The Seattle Transportation Benefit District has led to a growth in ridership and improved access to frequent service, according to a third-year performance report.

Stephen Fesler looks at outcomes of the Seattle Transportation Benefit District as it finishes up its third year. Funding for the STBD came from a 2014 measure approved by voters to expand transit services through a $60 vehicle license fee and a 0.1 percent sales tax increase. The STBD has provided a good return on investment, with $0.91 for every dollar going directly to improving transit services and access.

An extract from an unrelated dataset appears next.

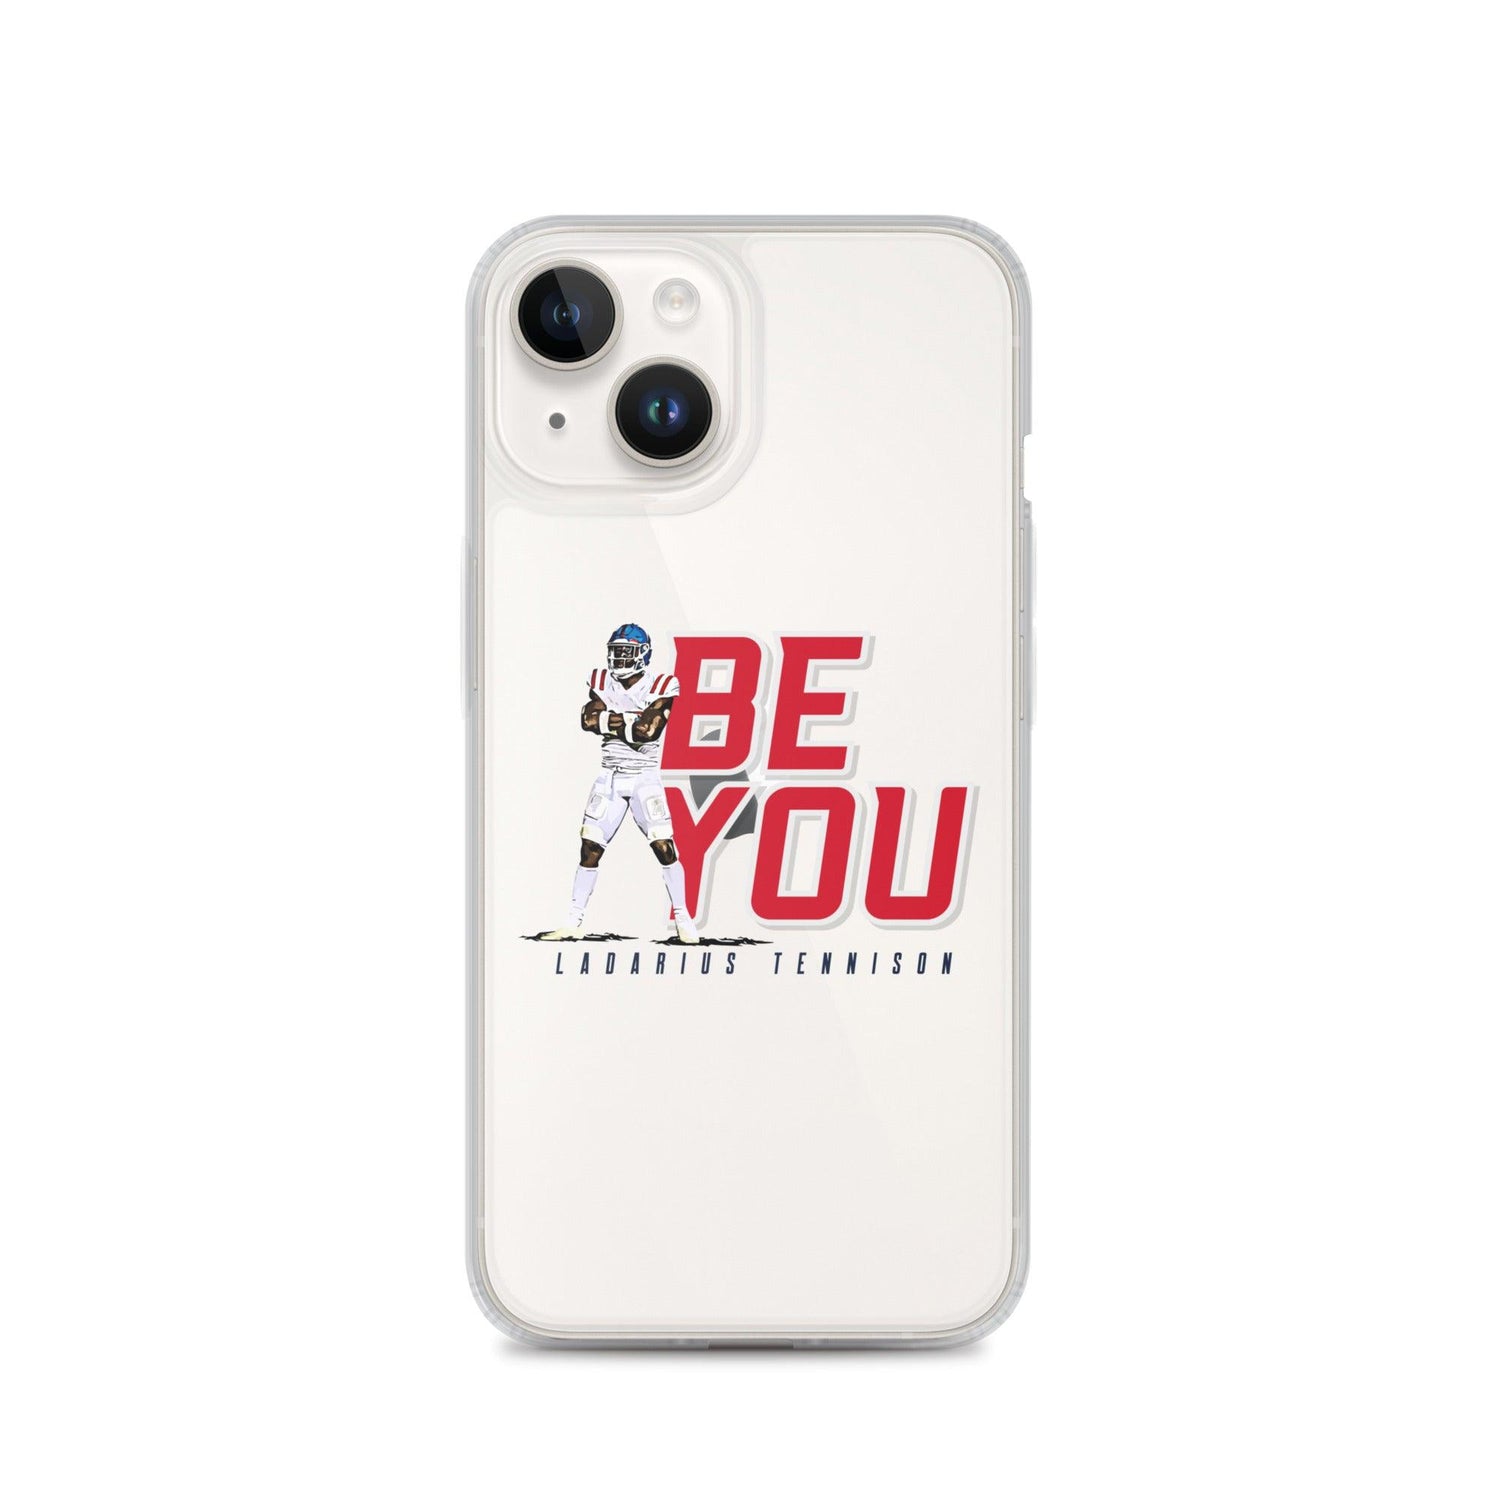 Ladarius Tennison "Be You" iPhone Case - Fan Arch

Since 2015, transit ridership has increased in Seattle on all modes, and much of this growth has happened on regional partnership bus routes. Access also improved between 2015 and 2018. In 2018, over two-thirds of households were within a 10-minute walk of transit service with a frequency of at least 10 minutes, up from a quarter of households in 2015.
In addition, notes Fesler, on-time performance of buses in Seattle improved, the ORCA Youth Card program grew, and more bus routes were added to a service to hiking trailheads.
Funding for the STBD will end next year without reauthorization. In addition to the annual spending on service and access improvements, the Seattle Department of Transportation can spend an additional $10 million on capital projects through the end of 2020. "These investments could include transit-only lanes, queue jumps, transit signal priority, and other strategies to improve speed and reliability," says Fesler.